What Is the 1st Thing I should do after a Hurricane or Storm?
Take pictures or video!
Nothing will preserve the extent of damage better for your hurricane claims with an insurance company. Your natural instinct after a hurricane or other storm is to start picking up the damage first and by the time the insurance adjustor arrives at your house, you have made it look as presentable as possible. Taking photos or videotape of the hurricane damage before you clean up preserves and establishes the true extent of damages your house suffered.
It is more natural to begin cleanup and removal, but resist that temptation to want to show the world and even the insurance company what a good homeowner you are. Start immediately with the photographs and video of the scene.
You can never have too many photographs or video of the hurricane damage or storm damage. You should shoot from all angles. Go out into the street and across the street, take pictures of the devastation caused by the hurricane from your neighbor's yard.
Then, move in to capture close-ups. Show where light is coming through the house before you put blue tarps on the roof. If there are personal items scattered and damaged, get snapshots or video of them as you found them.
We all remember the devastation caused by Hurricane Katrina because the images were of the real destruction caused by the hurricane. Imagine your response if the news agencies had waited for New Orleans and other areas to be cleaned up before the pictures and video were broadcast.
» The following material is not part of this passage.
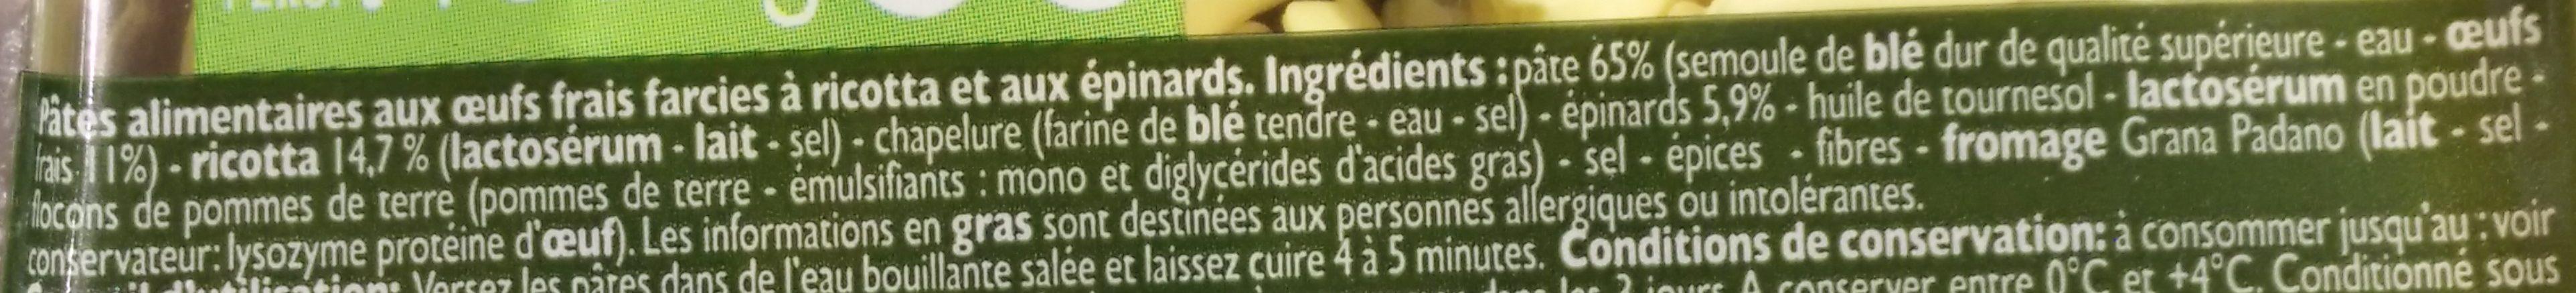 Tortelloni ricotta épinards - Ingredienti - fr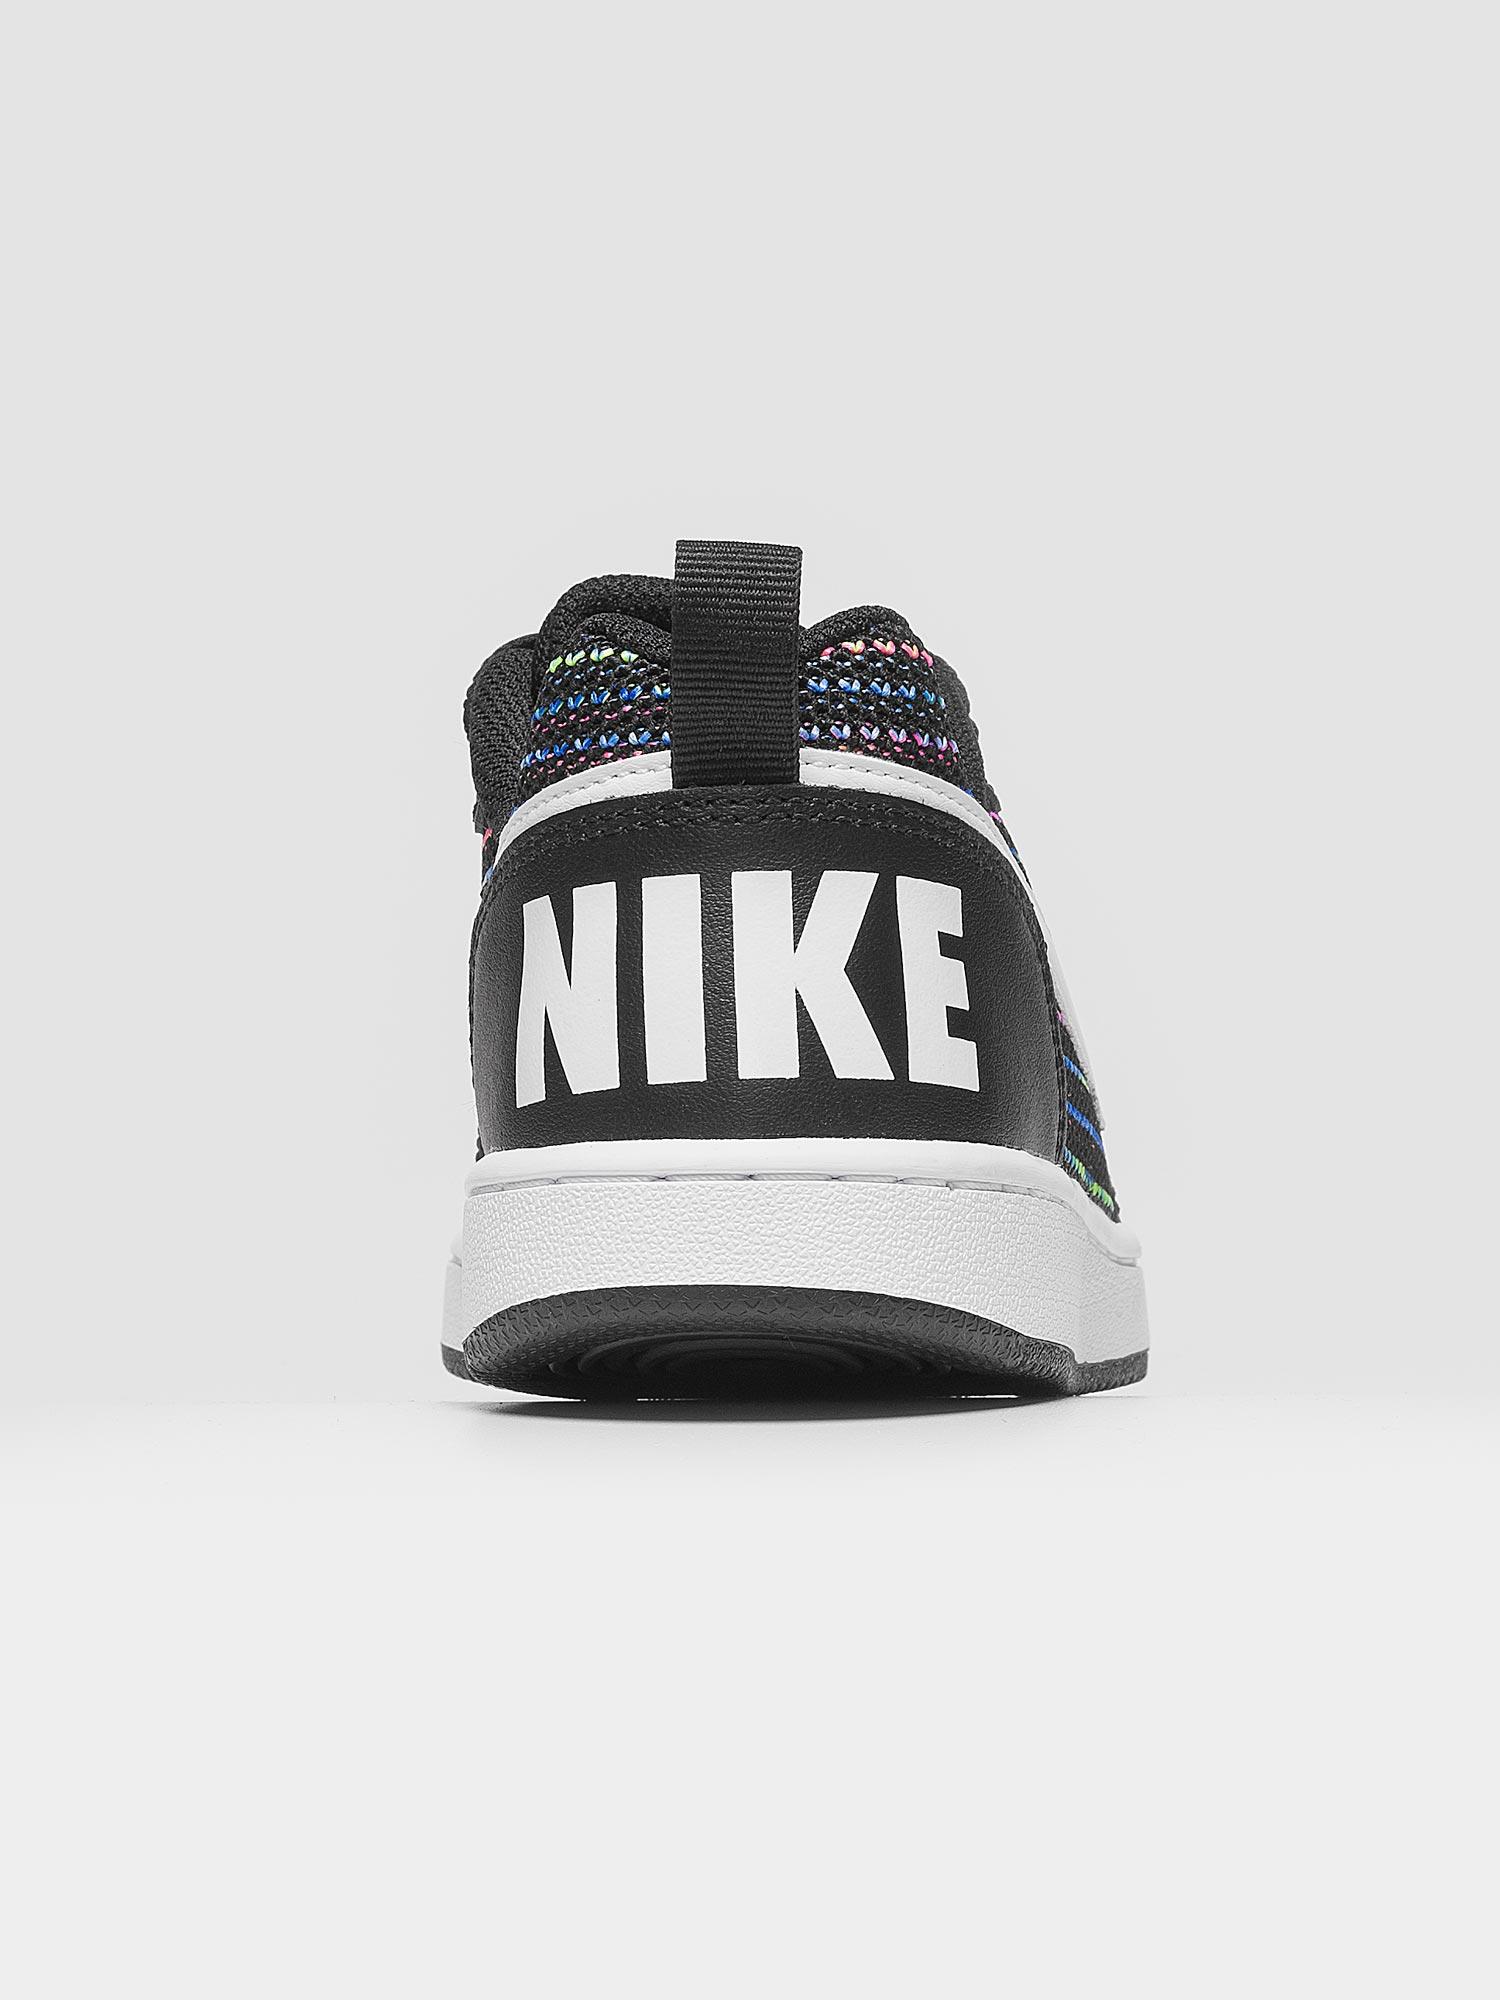 Nike Court Borough Low Se GS Nero Bianco Multicolor Art. AA2902 001. Nike  aa2902 001 01  Nike aa2902 001 03 ... e1ecf8f67d120

No one would have sent money for aid. So why should you expect an insurance adjustor to be as sympathetic when all he or she sees is a house that has been put back in order.
If you have already cleaned up the mess when you are reading this, then go to your neighbors and ask to look at their photographs and video of the hurricane damage. Chances are that if they took some at the right time, at least part of your destruction would be on film. Or, if your neighbors don't have any photos of the hurricane damage, take pictures and video of the temporary repairs and the piles of debris in your yard.